Question about the entropy loss

AI4Finance-Foundation / FinRL

FinRL: Financial Reinforcement Learning. 🔥

https://ai4finance.org

MIT License

10.09k stars 2.43k forks source link

Question about the entropy loss #940

Open caserzer opened 1 year ago

caserzer commented 1 year ago

using the Stock_NeurIPS2018_SB3.ipynb notebook , default parameters the results seems to be ok but after checking the tensorboard log , I found something confused

Why the entropy loss is negative and keep gowing?
The train/reward indicate the agent not learning something useful ?
After checking the actions of the agents action on the trade dataset , the actions almost the same , buy some shares and keep holding....

zhumingpassional commented 1 year ago

it may be caused by no normalization. it also depends on the distribution of datasets.
if most stocks are decreasing, the reward may be decreasing
it depends on the trending of stocks and hyper-param tuning. if you set a different training/trading period, e.g., most stocks are decreasing, the result may be different.
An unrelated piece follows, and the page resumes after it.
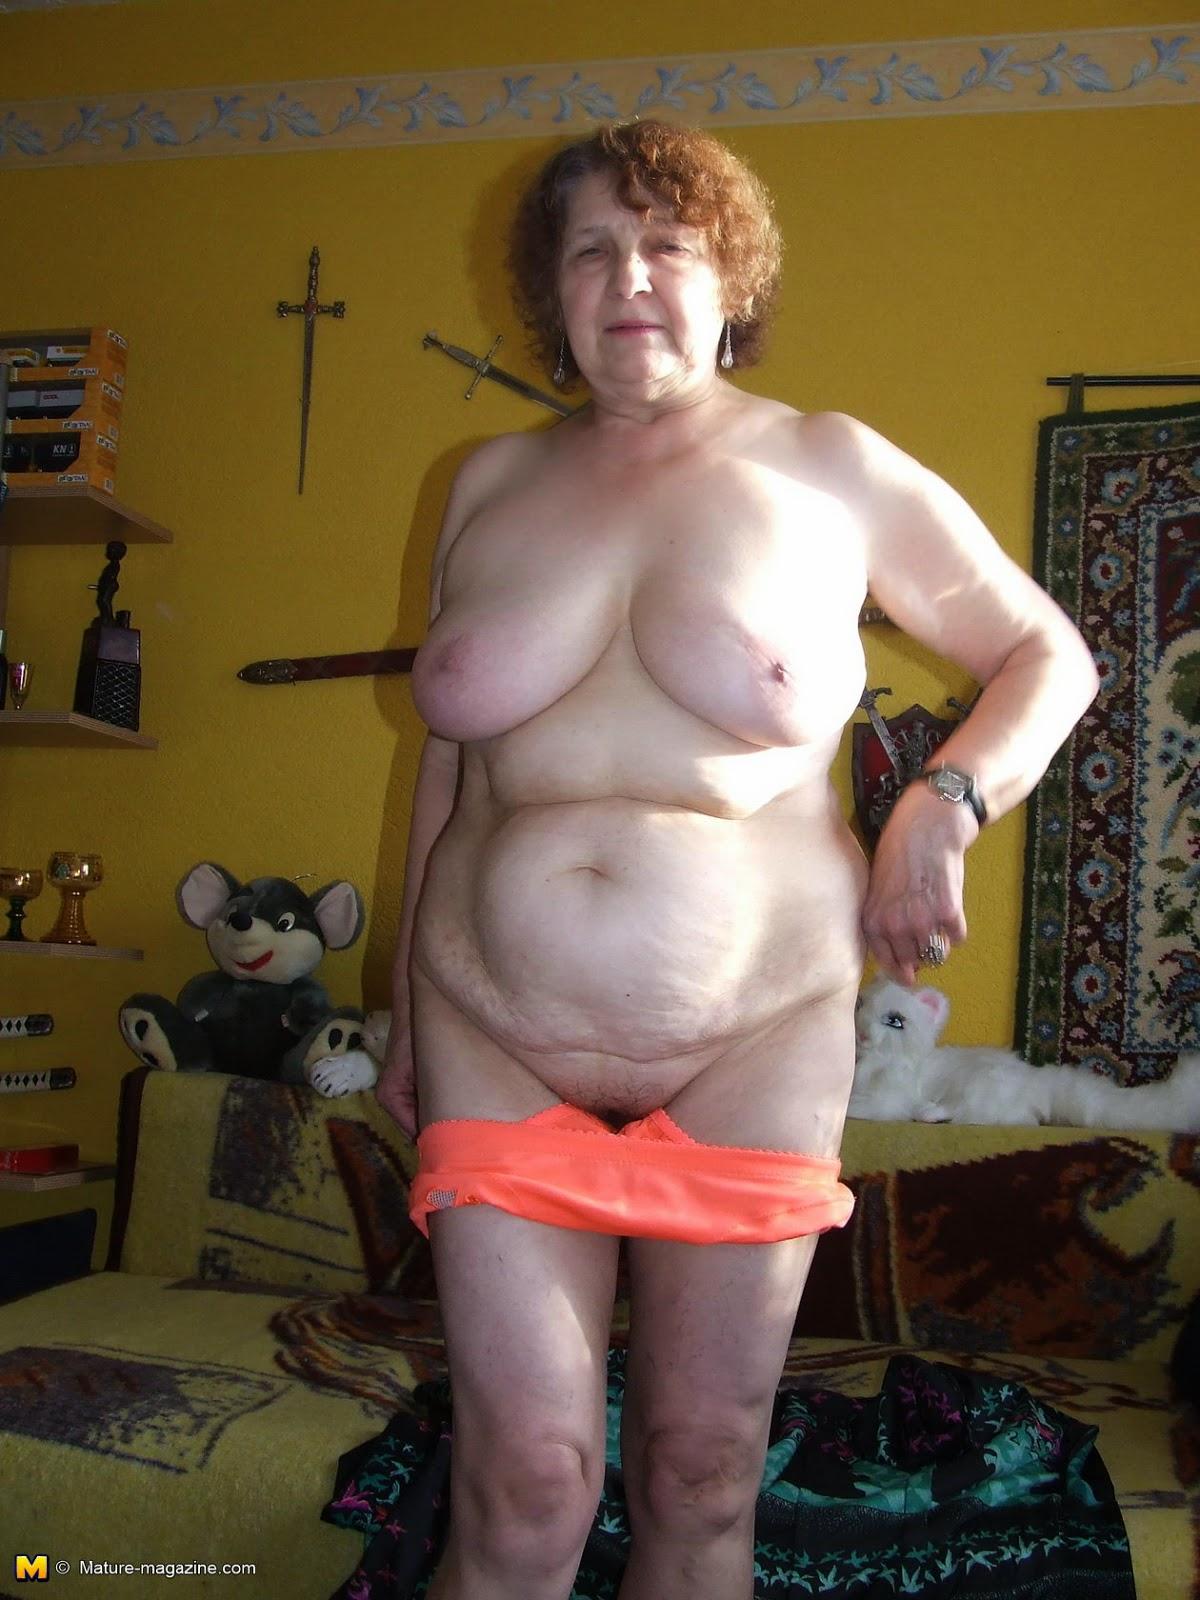 Mature slut alesia pleasure uses her dildos on her wet twat 8
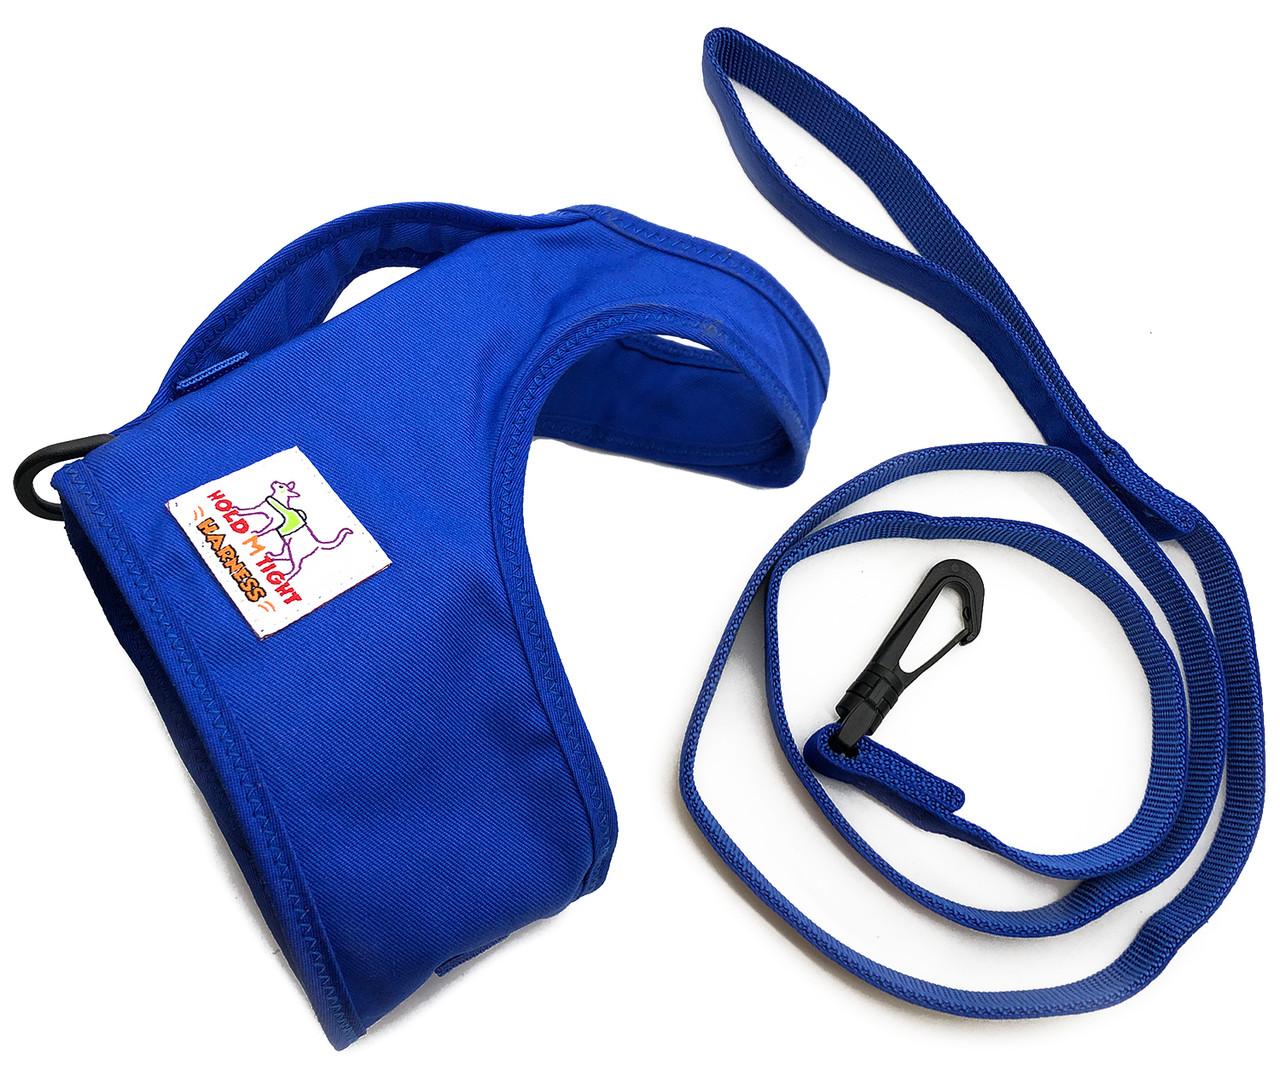 150c0a36872e Hold M Tight -Travel Leash & Harness

caserzer commented 1 year ago

Thank for your comment.

data normalization . The StockTradingEnv using the close price to calculate the reward , so should I normalize the tech indicator?
Understanding, but what I mean is that the train/reward convergence problem

zhumingpassional commented 1 year ago

no. I mean the policy is not normalized
with respect to convergence, we generally use the cumulative rewards, in an epoch, not reward

caserzer commented 1 year ago

Would you please explain the "the policy is not normalized"